The effects were so ambitious that it took both Douglas Trumbull and John Dykstra to accomplish them.

Ambition got in the way of authenticity. But in retrospect, who wouldn't appreciate a Kubrick-ian take on 'Star Trek'? Truthfully, STAR TREK: TMP is actually a deeply underrated head picture, but it took STAR TREK II: The Wrath of Khan (1982) for them to regain their true soul.




THE BLACK HOLE (1979)

Disney responds to STAR WARS by remaking 20,000 Leagues Under The Sea with a surrealistic 2001 apex.

When you cross the other side, will that necessarily be good?




ALIEN (1979)

"In Space, No One Can Hear You Scream."

2001 by way of Lovecraft's At The Mountain Of Madness.

ALIEN is in every way a stylistic inversion of that film, like a hybrid of Kubrick's technical precision and Tarkovsky's visual murk. Fluorescent becomes chiaroscuro, professionalism becomes sloth, corporate interest becomes a disease, and the alien other just keeps becoming.

Cryosleep. Ancient astronaut. Ash, Mother. The Trip is the explosion with its mirrored tides.

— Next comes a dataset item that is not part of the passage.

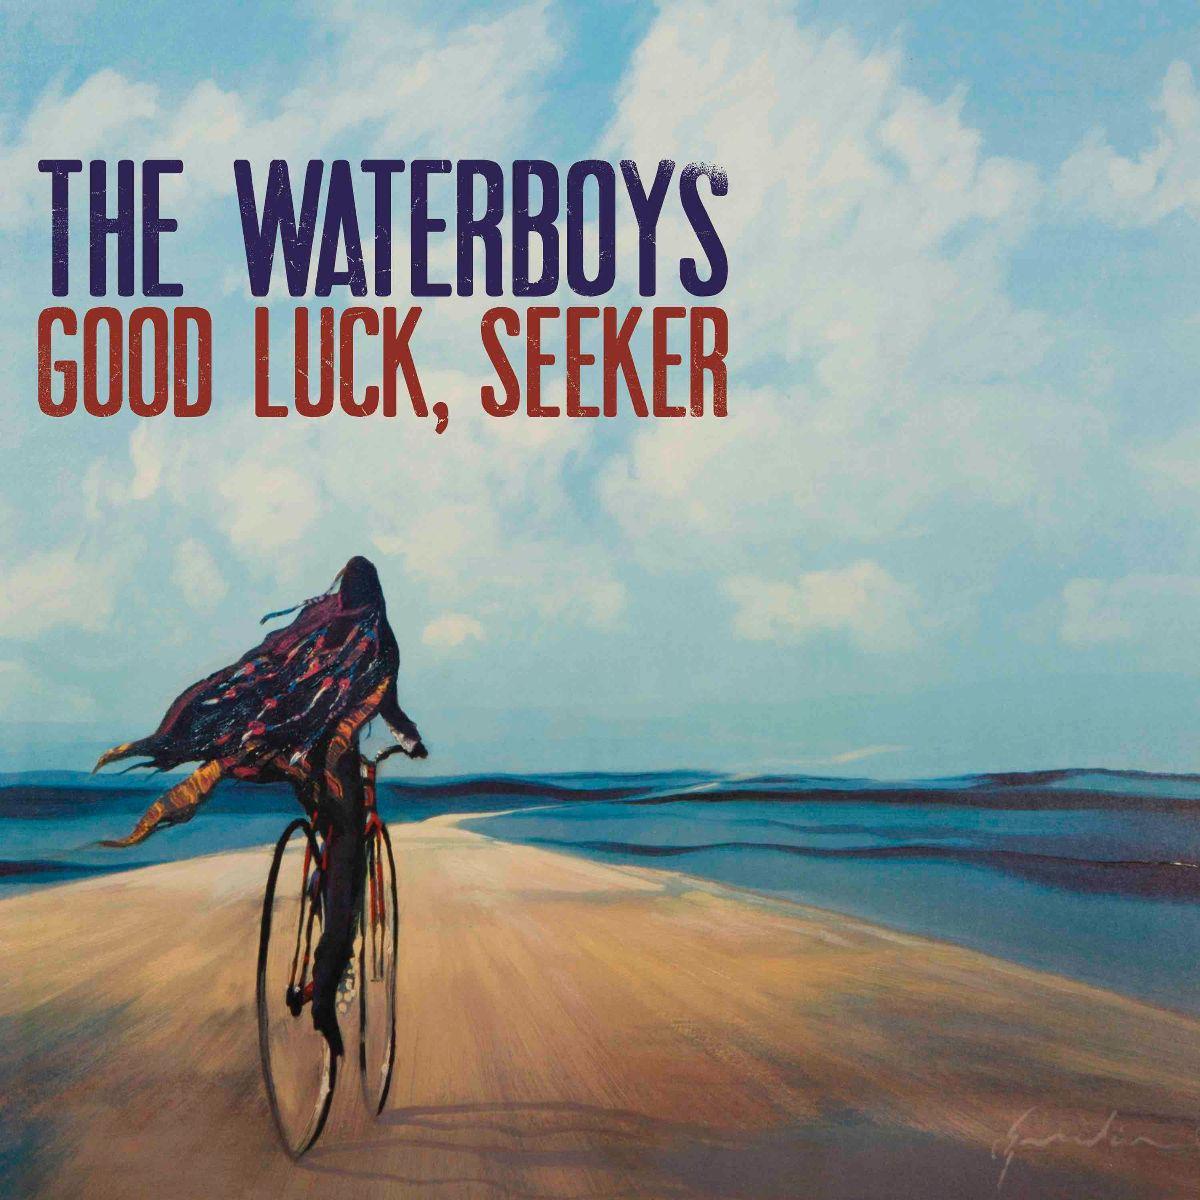 The Waterboys - Good Luck, Seeker [LP]

2001 is now morphing through mutations into new expressions and possibilities, new antithesis and then synthesis. The subliminal horror that underlined its middle act now seizes a new focus in this counterpoint film. ALIEN also brought inclusion, as it finally dawned on filmakers to include women and other complexions in space crews. Counting Moebius as a designer, ALIEN amplified the "Metal Hurlant" 'used universe' aesthetic in SF films, with blue-collar slogs arguing amid degraded machinery. The anti-corporate distrust becomes defacto in SF films from now on, particularly in the '80s with the real-life Yuppie coup. And then there's the demon, without and within.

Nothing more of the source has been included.